TASK GOAL: Retype the listing found below exactly, but leave out each picture.

PROVIDED DATA:
[Start of section]

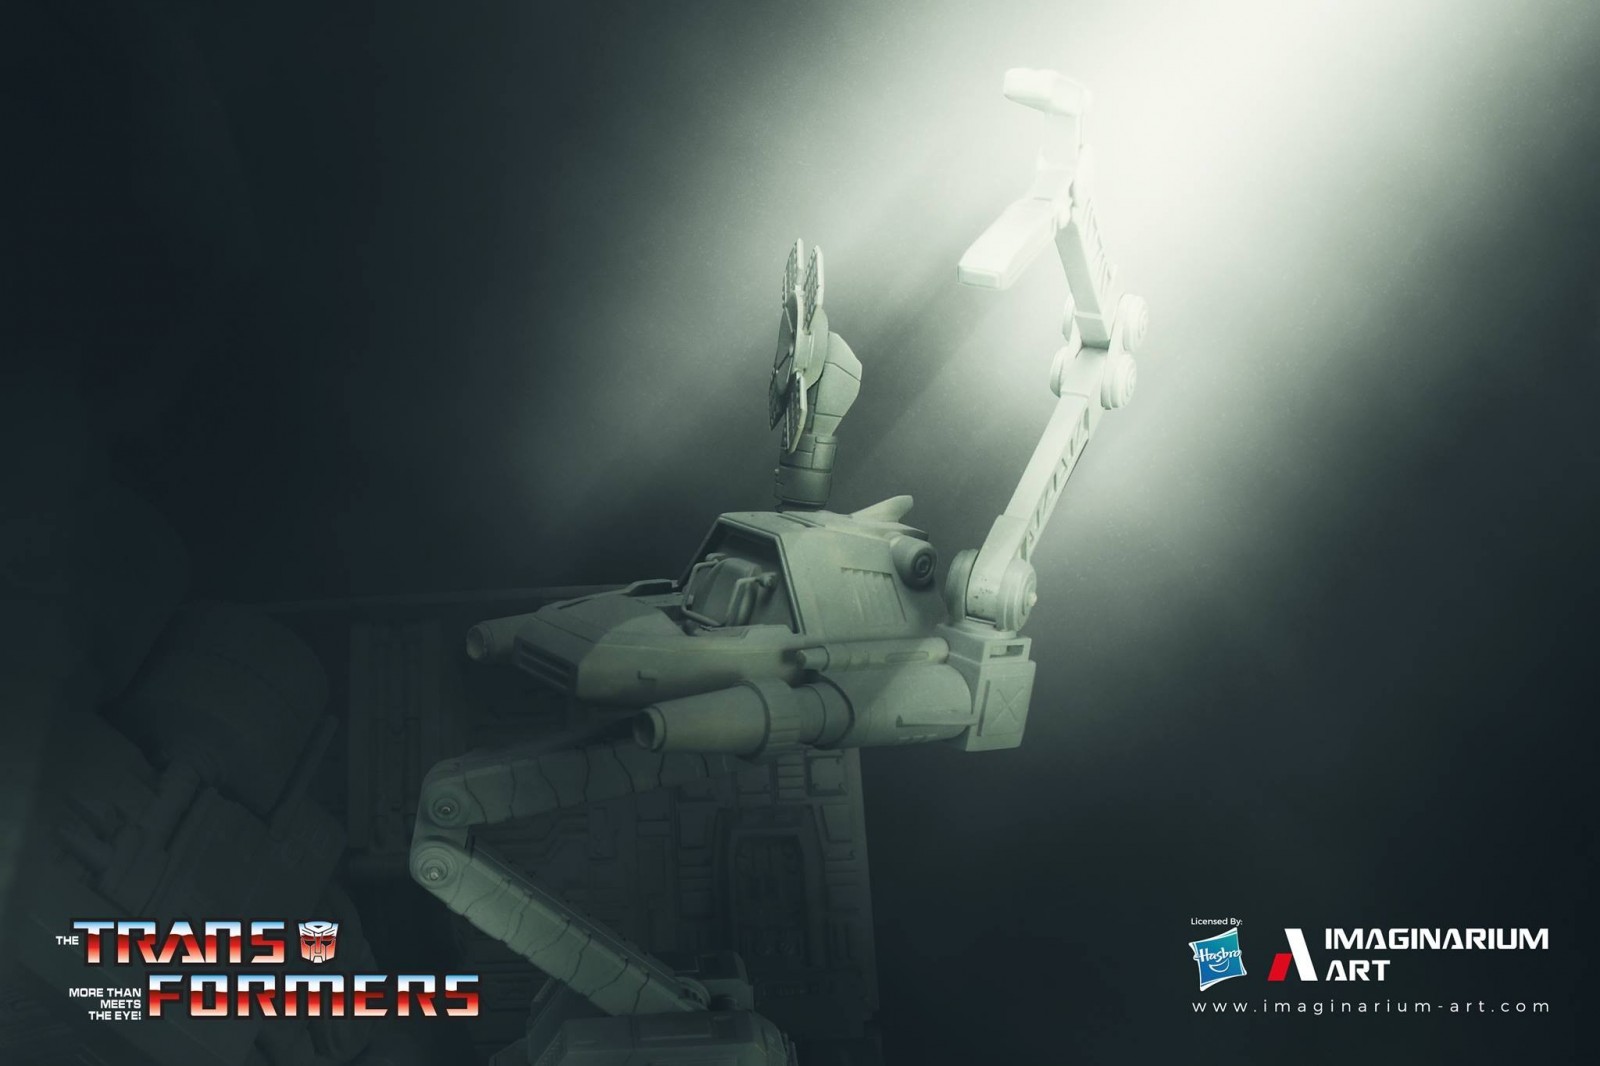 Transformers News: Prototype Images of Imaginarium Art G1 Optimus Prime Statue
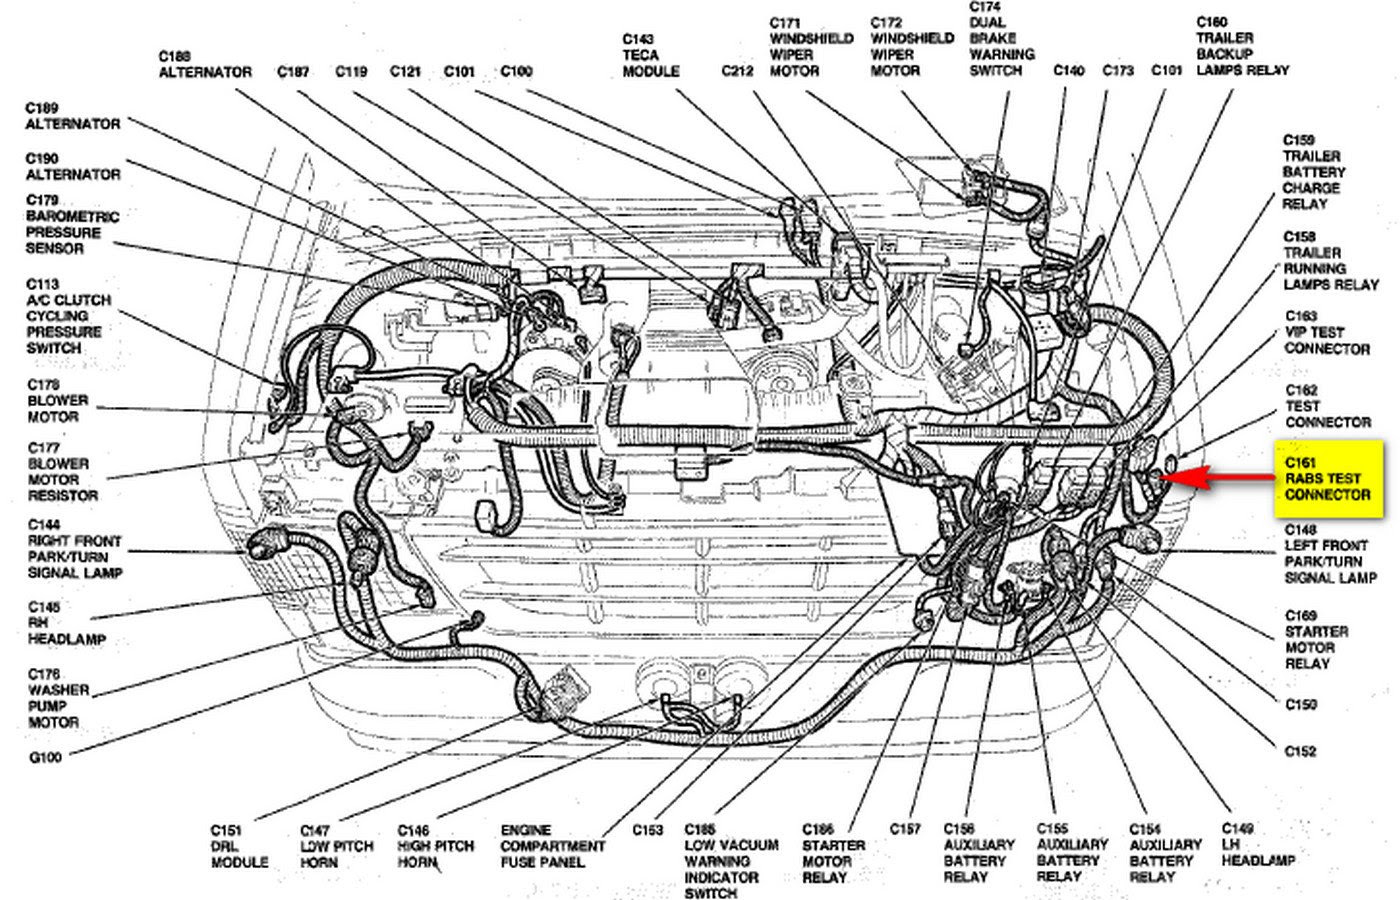 1988 Ford F 150 Engine Diagram - 88 Wiring Diagram
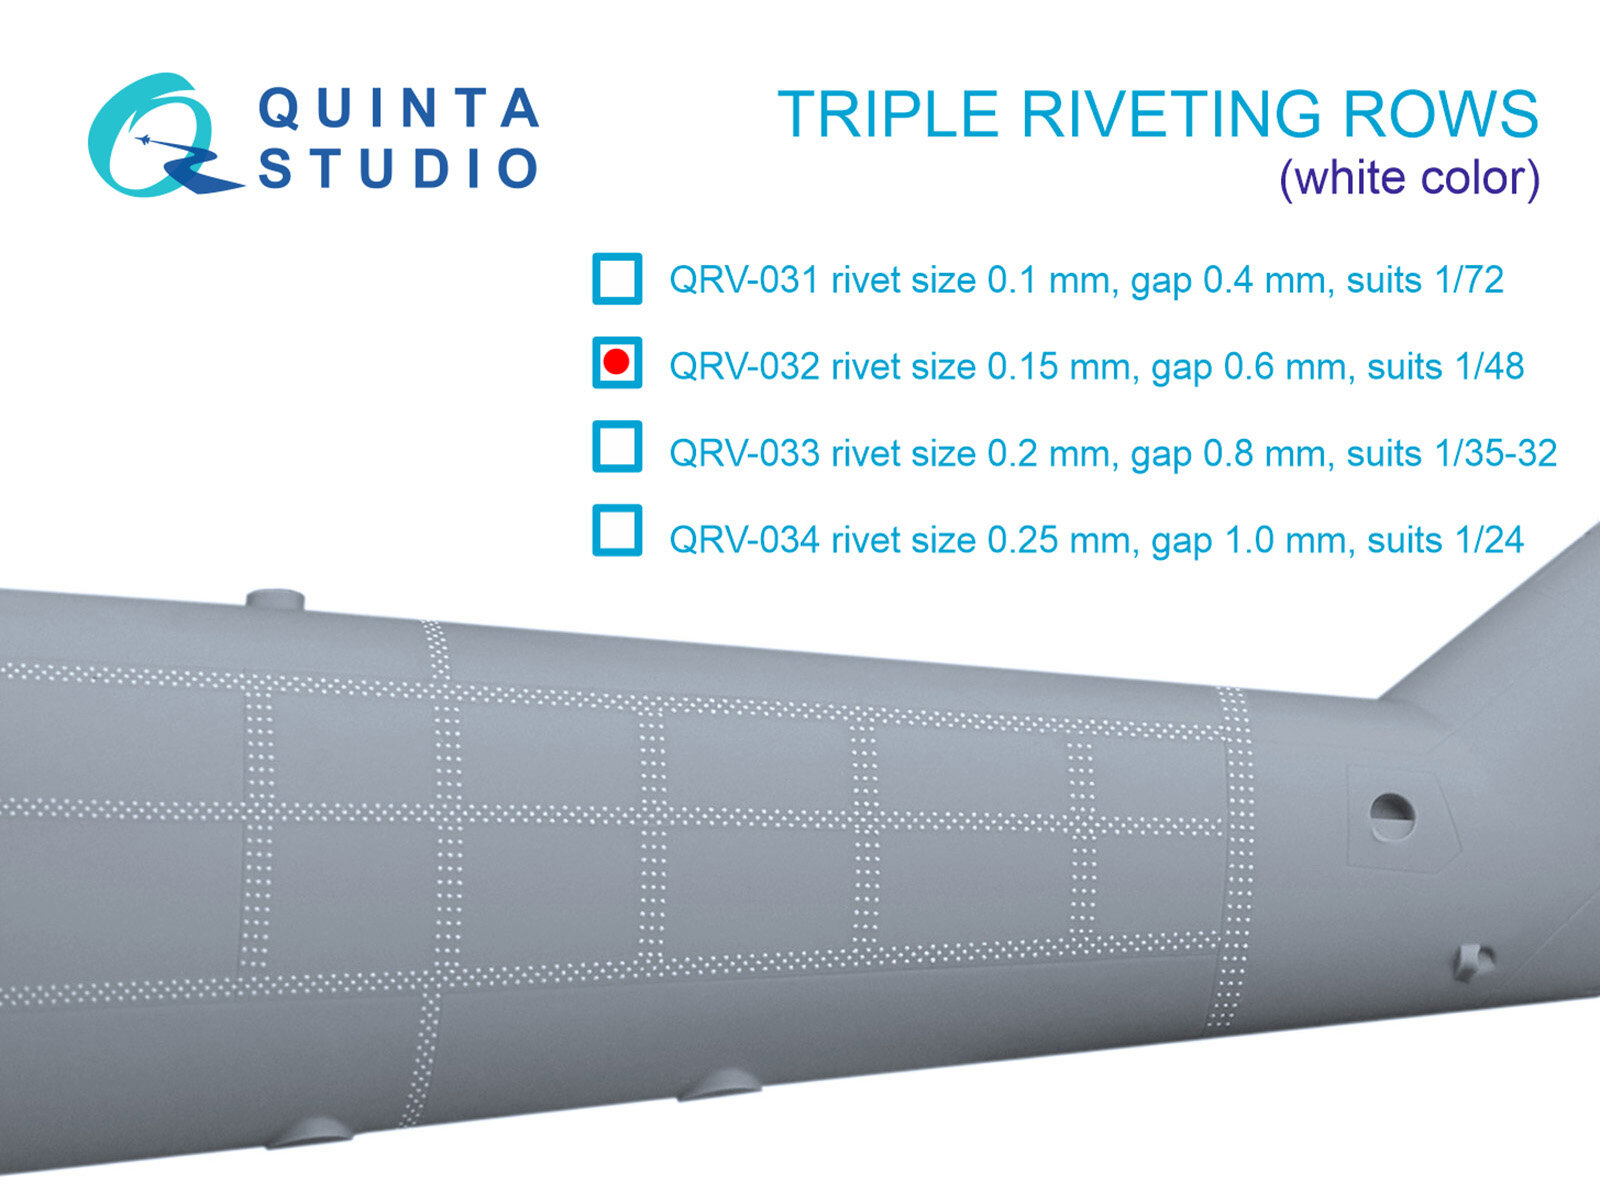 QRV-032 Тройные клепочные ряды (размер клепки 0.15 mm, интервал 0.6 mm, масштаб 1/48), белые, общая длина 4.4

[End of section]

EXERCISE ANSWER:
 Transformers News: Prototype Images of Imaginarium Art G1 Optimus Prime Statue
 1988 Ford F 150 Engine Diagram - 88 Wiring Diagram
 QRV-032 Тройные клепочные ряды (размер клепки 0.15 mm, интервал 0.6 mm, масштаб 1/48), белые, общая длина 4.4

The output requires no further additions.